Why Is the Stock Market Down Again
DealBook Newsletter
Why the Stock Market Keeps Plunging
The financial markets are coming to grips with the Federal Reserve's policy change, as geopolitical factors complicate the outlook for the global economy.
Head-spinning volatility
The S&P 500 has now registered five consecutive weekly declines, its longest streak of losses since June 2011. Stocks rallied earlier last week, before suffering their largest-single day drop since the start of the pandemic on Thursday. Futures point to another drop in U.S. stocks this morning.
What's driving the wild swings? The financial markets are coming to grips with a stunning policy change by the Federal Reserve, writes The Times columnist Jeff Sommer. Markets have become so accustomed to the Fed's loose monetary policy of the past two decades that investors don't know how to react now that the central bank is pulling back and trying to slow the economy. "This is a very big change, and the markets are having trouble processing it," said Robert Dent, senior U.S. economist for Nomura Securities.
Adding to the uncertainty are continued lockdowns in China, surging inflation, supply constraints and a spike in oil prices. That has complicated the outlook for the global economy, though some Wall Street forecasters remain optimistic. In a research note published yesterday, Goldman Sachs said that it forecasts a recovery in major equity indexes. "The tightening in U.S. financial conditions has somewhat rebalanced the risks to the Fed's mandate and potentially set the stage for a stabilization in the financial market environment," the note said.
Tech stocks and crypto prices are falling again. Bitcoin this morning hit its lowest level since July 2021. Tech companies, both global powerhouses and start-ups, are also feeling the pain. Share prices for Netflix, Meta and Peloton are all down substantially this year. Some strategists are saying prices could continue to fall until they land back where they were before the pandemic. For tech stocks, that would be a further 25 percent drop. For crypto, it could be a plunge of more than 60 percent.
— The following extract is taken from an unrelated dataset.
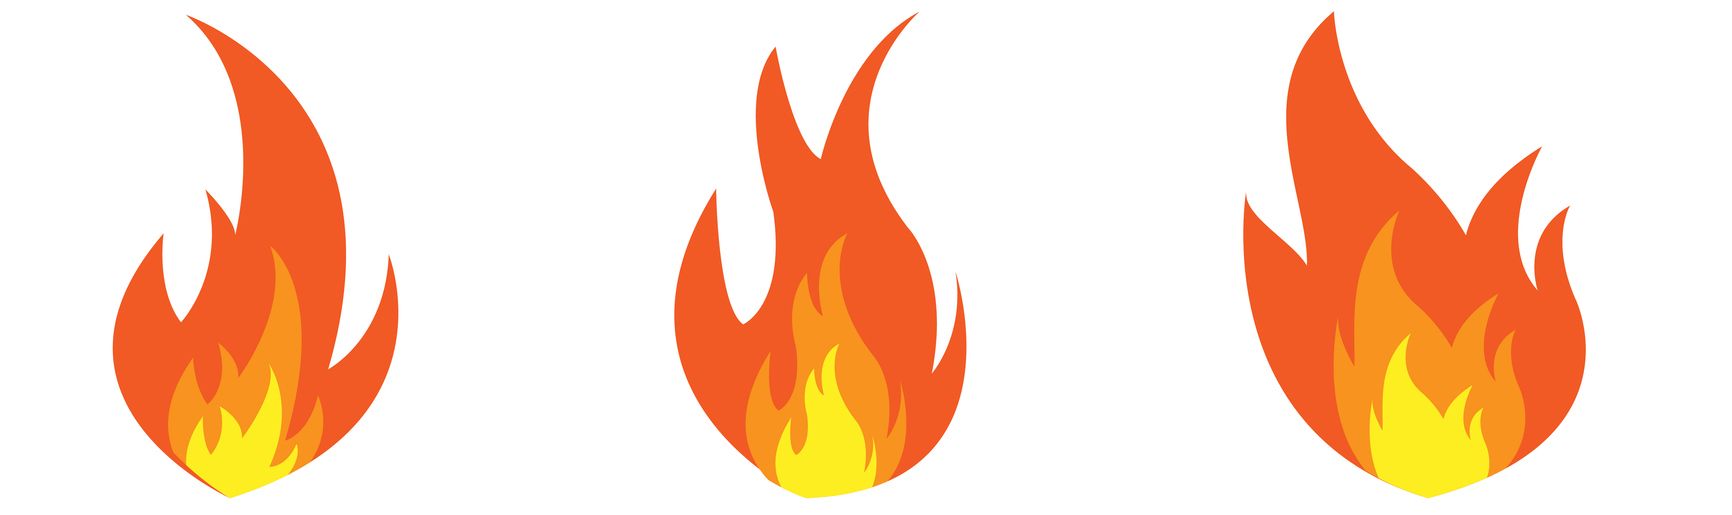 gay flag on fire emoji

With some tech companies freezing hiring or laying off employees, investors are split. Some see a temporary slowdown, while others say it is a sign of a deeper slump to come, The Wall Street Journal reports. Elon Musk, on the other hand, has told investors that Twitter could quintuple its revenue by 2028.
Further reading: What's your personal inflation rate? Take our quiz .
HERE'S WHAT'S HAPPENING
G7 leaders pledge to ban or phase out Russian oil. They provided few details, but said the changes would be made in a "timely and orderly fashion" that allowed members to find alternative supplies. The U.S. also imposed new sanctions against three Russian television stations, barred Americans from providing consulting and accounting services to Russians, and sanctioned executives from Gazprombank.
Senators may vote on abortion this week. Responding to the leaked draft Supreme Court opinion overturning Roe v. Wade, Senate majority leader Chuck Schumer of New York said he would initiate proceedings today for a Wednesday vote on legislation that would codify abortion rights into law, despite clear evidence that the measure lacks support to be enacted.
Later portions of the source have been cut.